_EXERCISE OBJECTIVE:_ Exactly the lines from the line that has "600 px) (3).png" through the final line below are to be retyped, and the pictures are not.

[Saved entries]
•••••

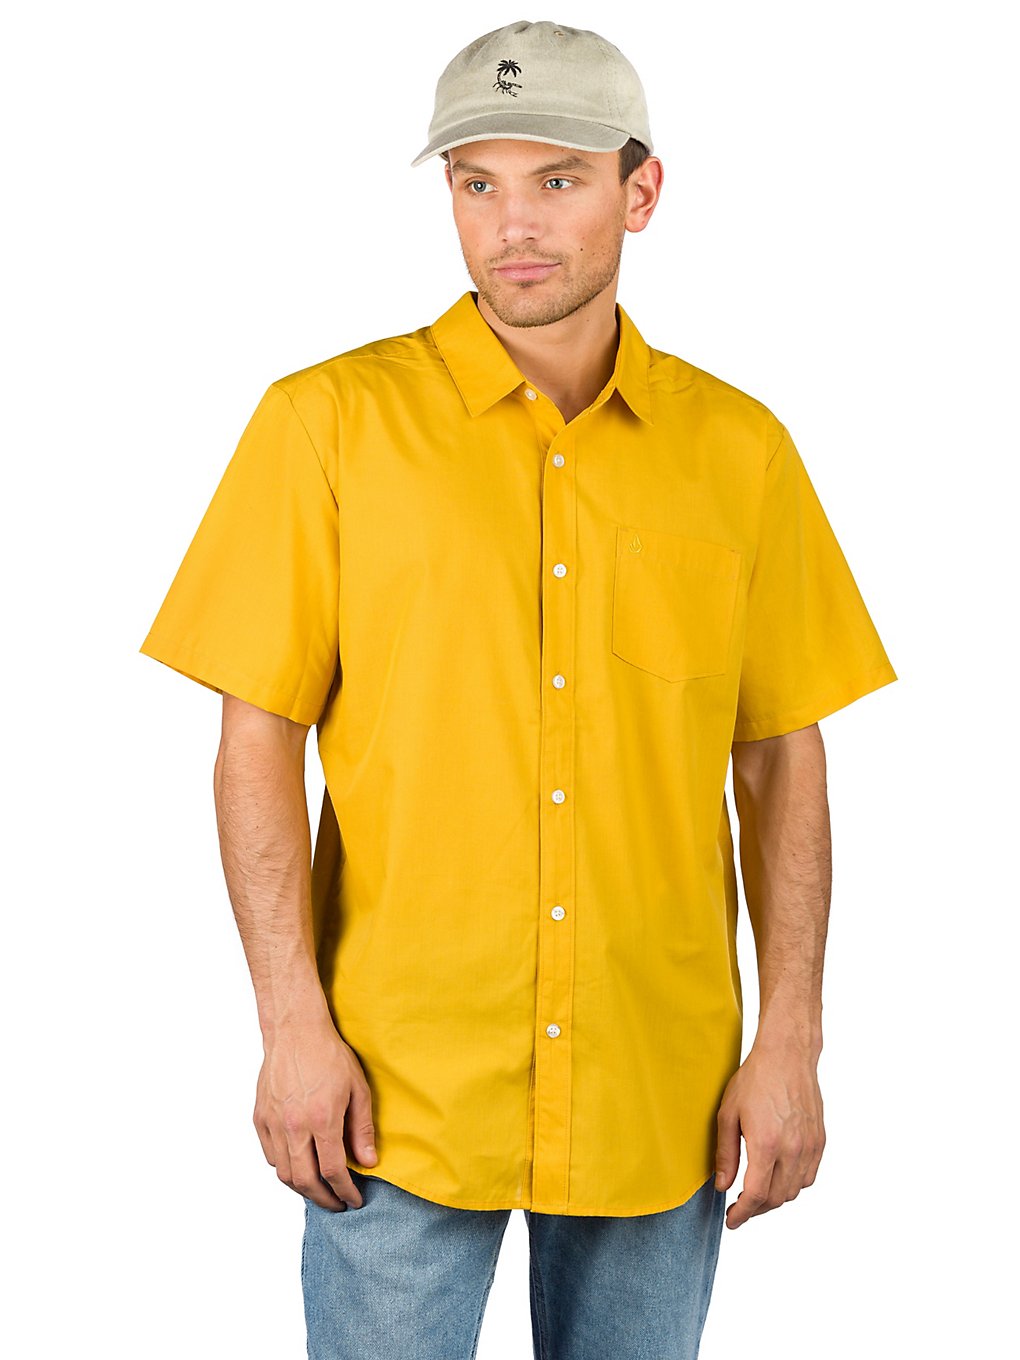 Volcom cj collins shirt keltainen, volcom
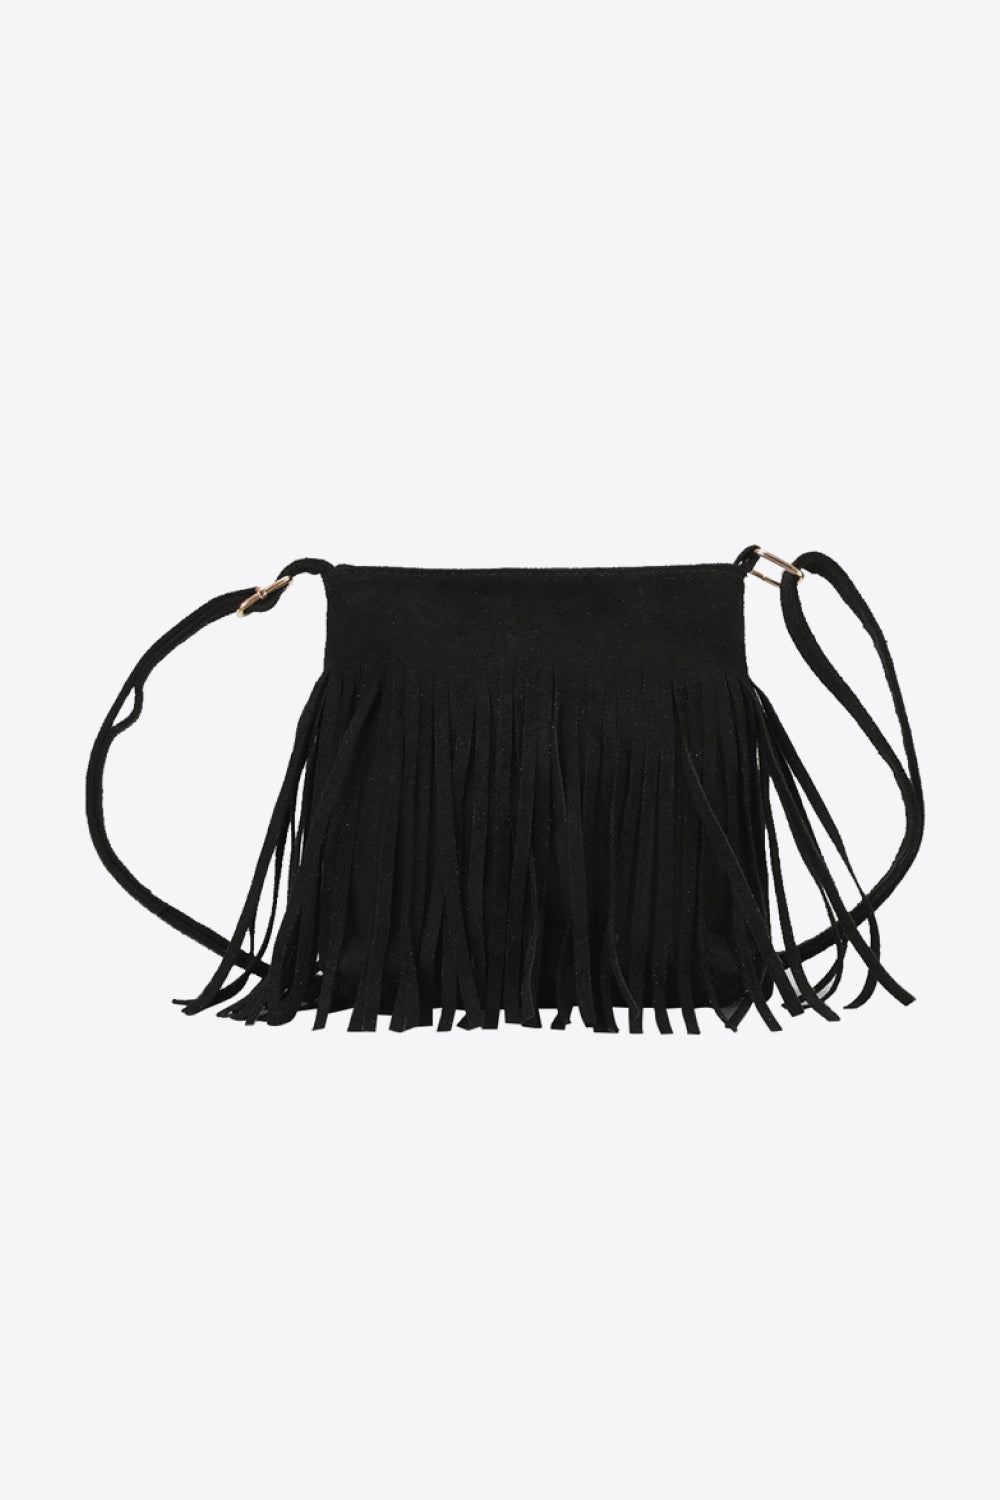 Black Adored PU Leather Crossbody Bag with Fringe Handbags
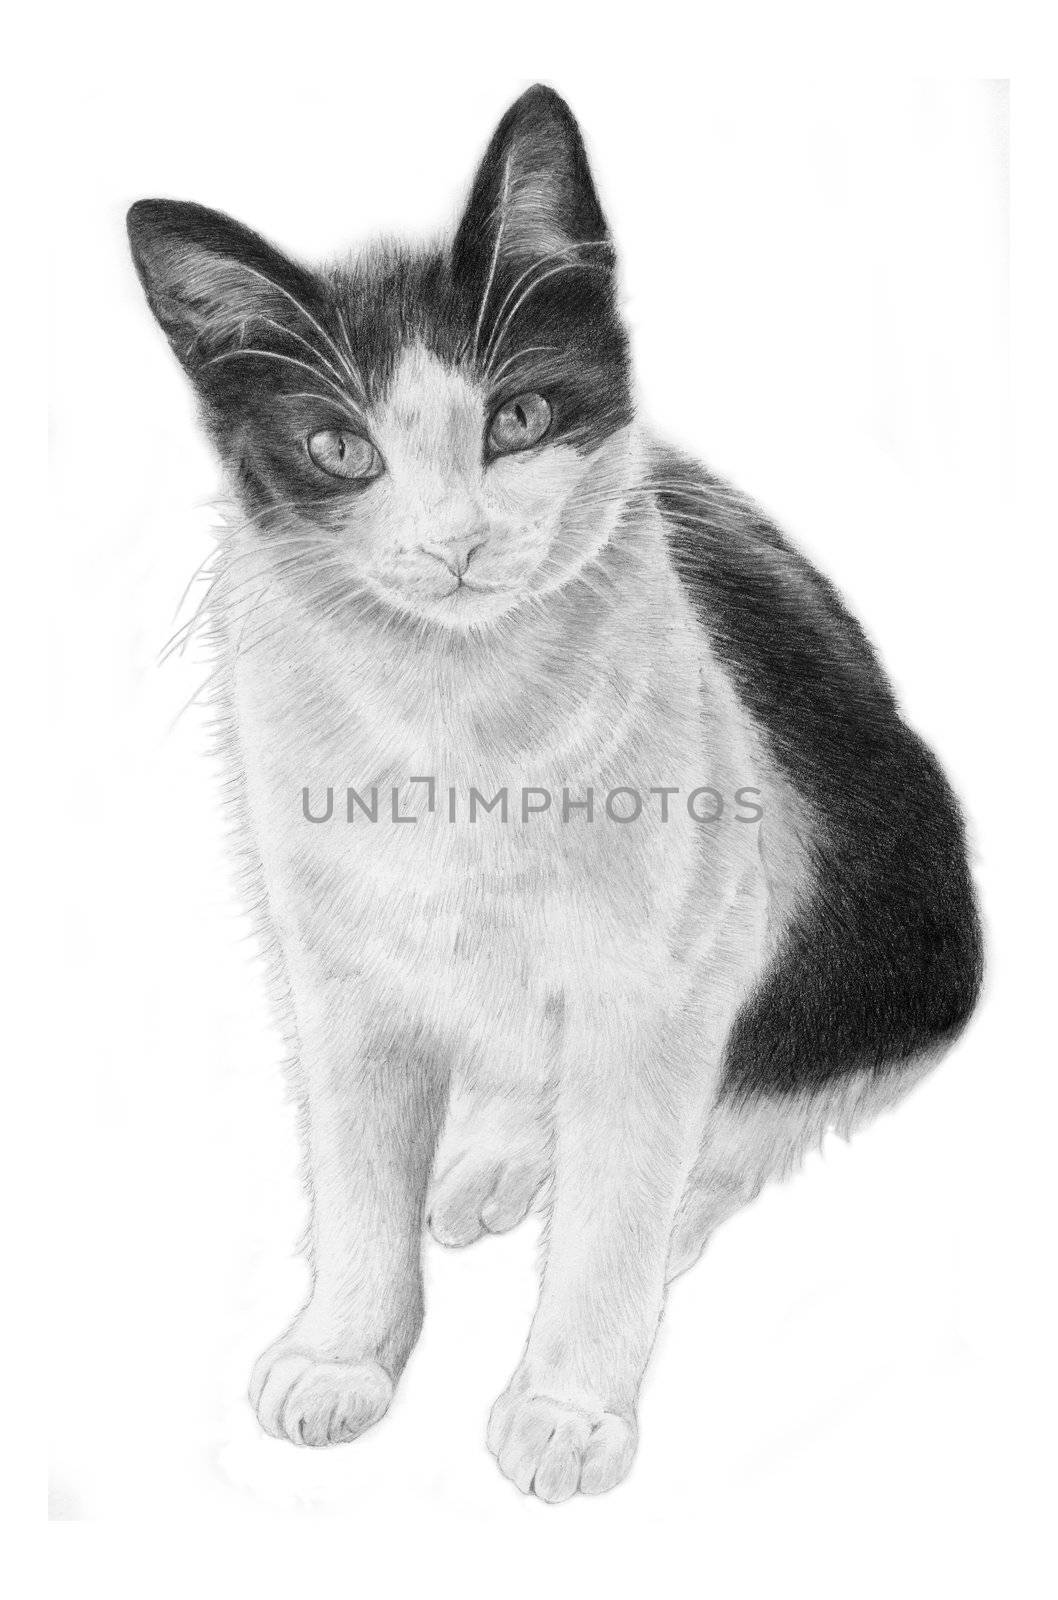 Black and White Cat, Illustration by Morphart
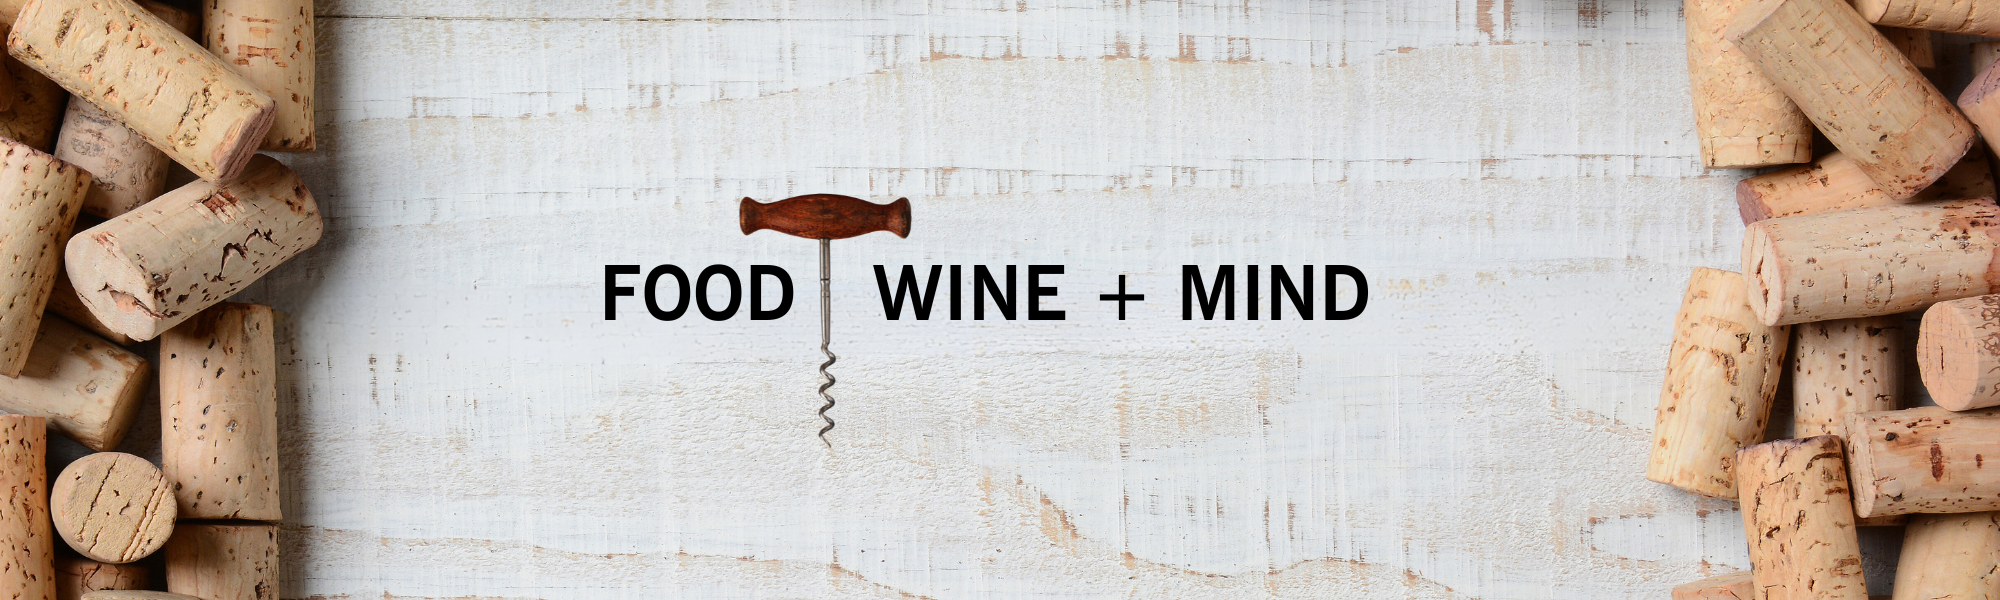 FOOD  WINE + MIND (2000 x 600 px) (3).png
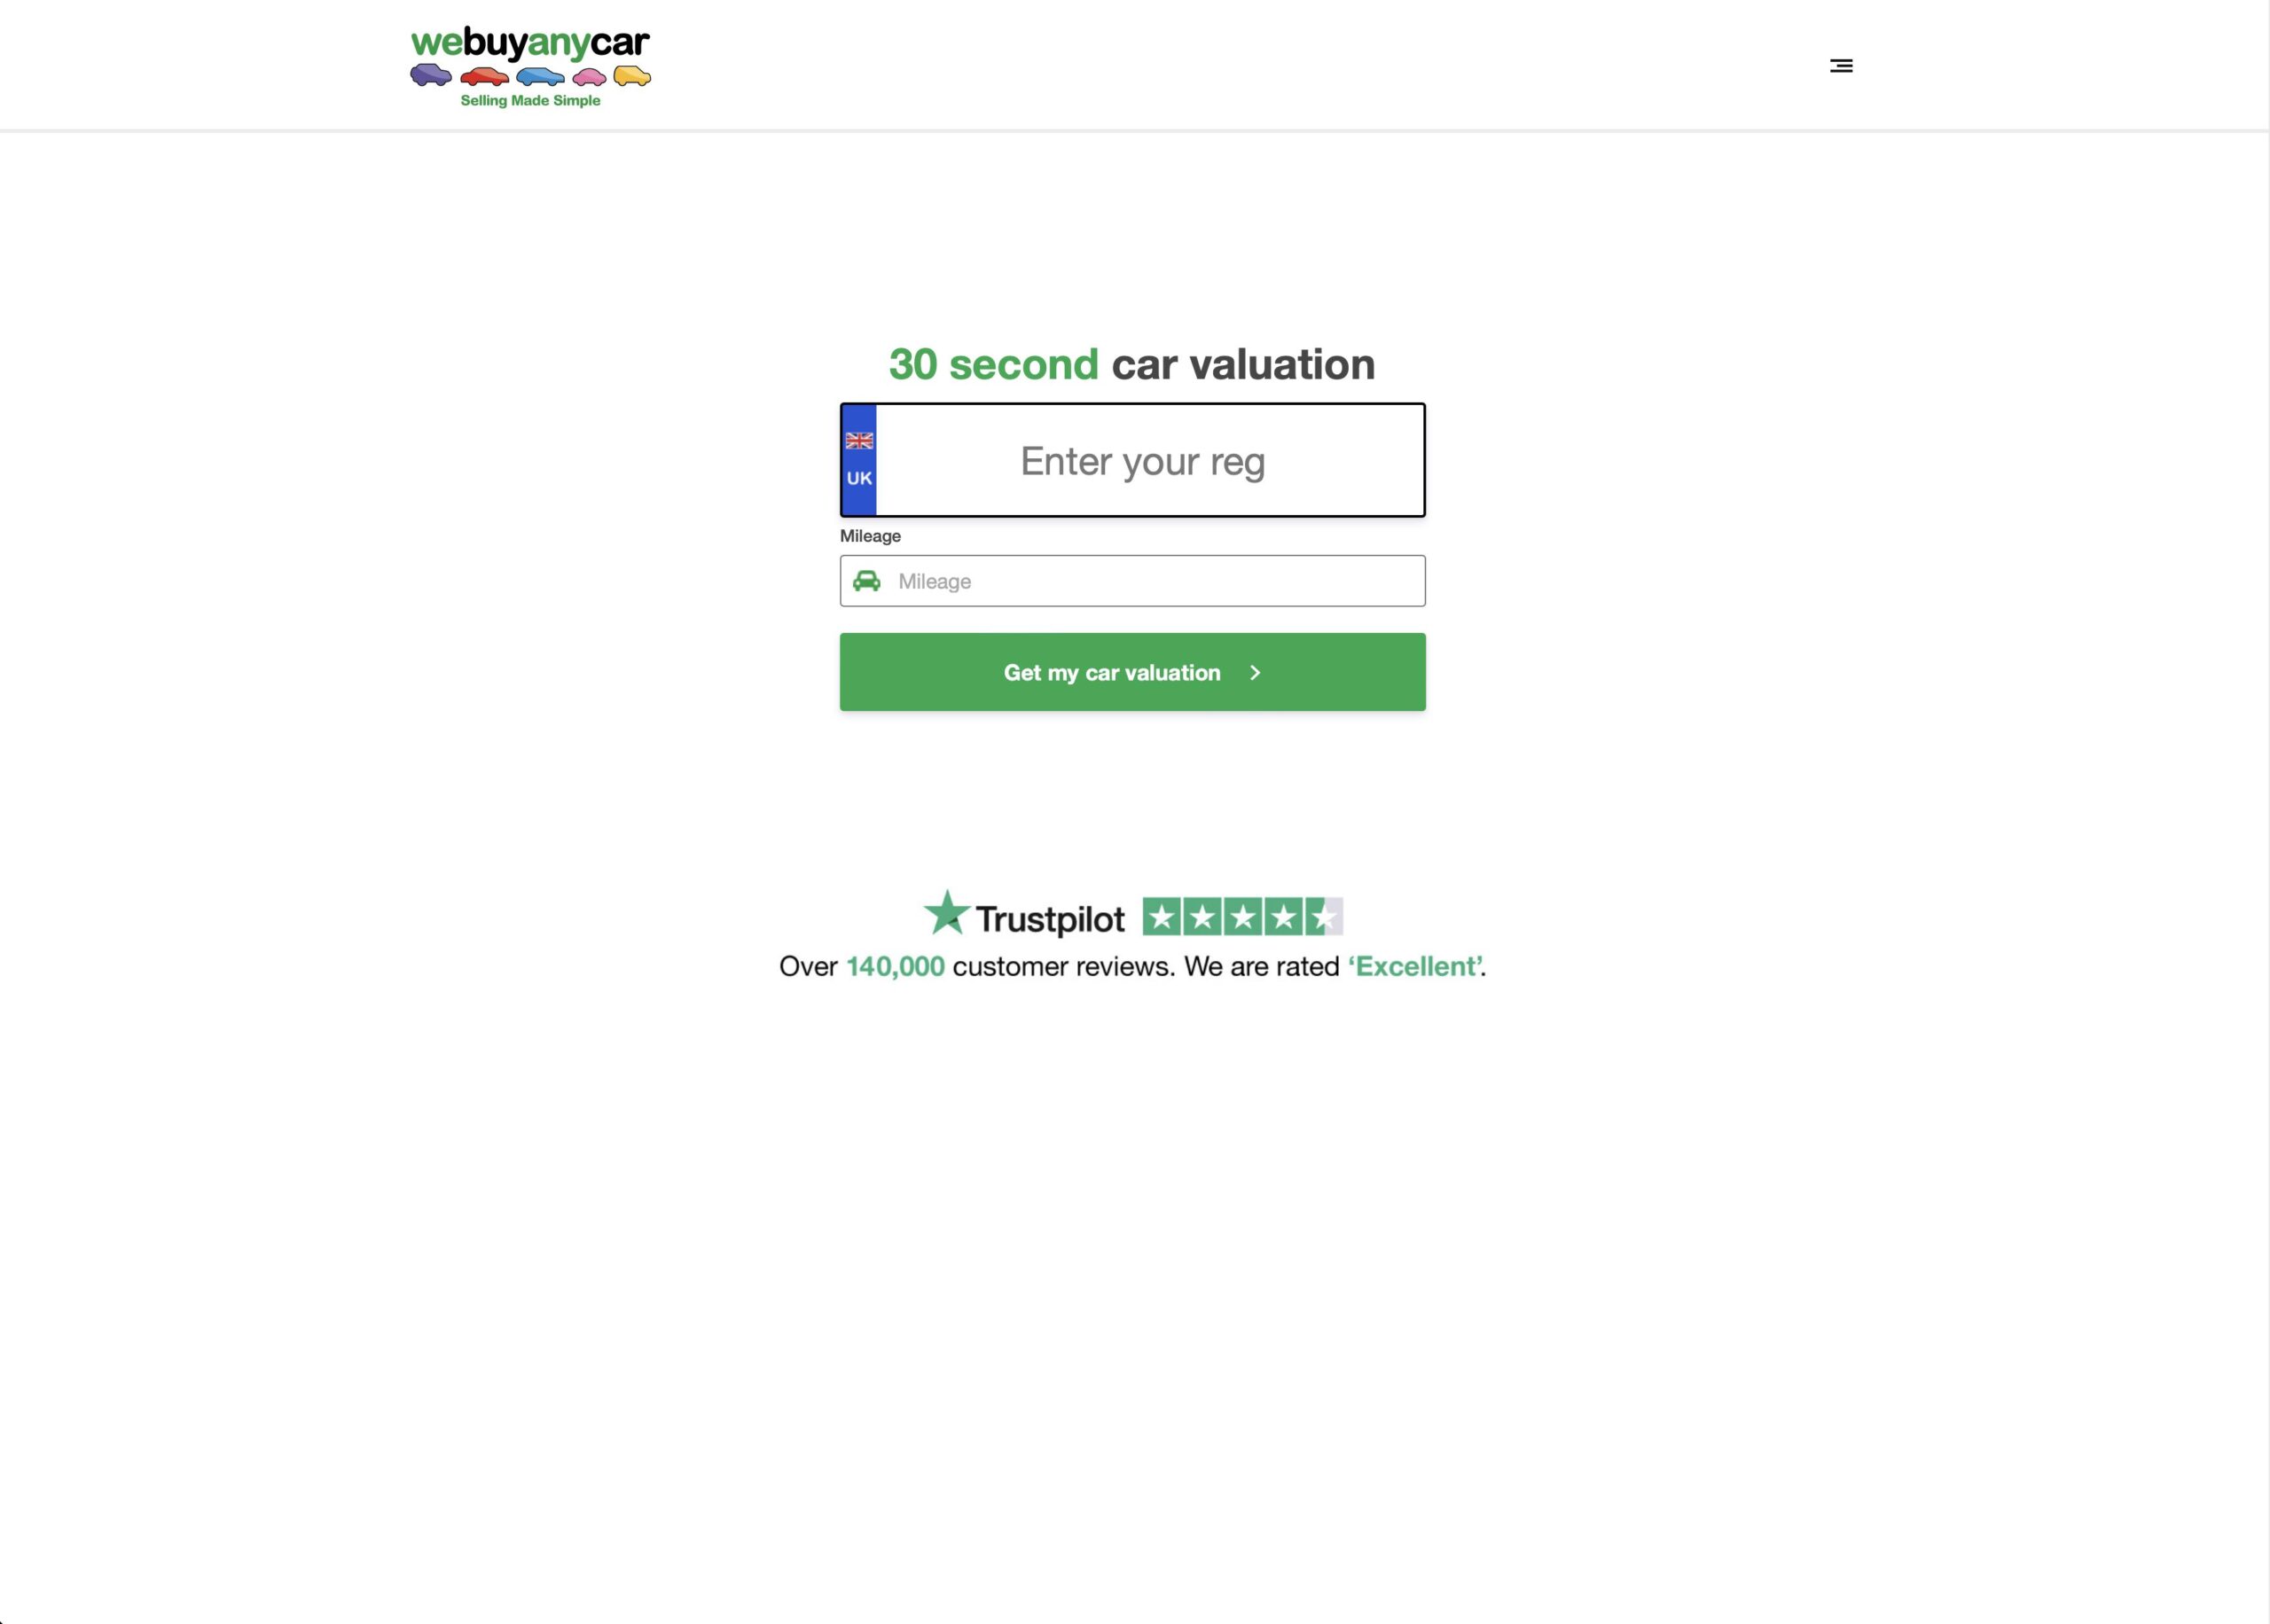 webuyanycar car selling page

•••••

_RESPONSE TO THIS TASK:_
 FOOD  WINE + MIND (2000 x 600 px) (3).png
 webuyanycar car selling page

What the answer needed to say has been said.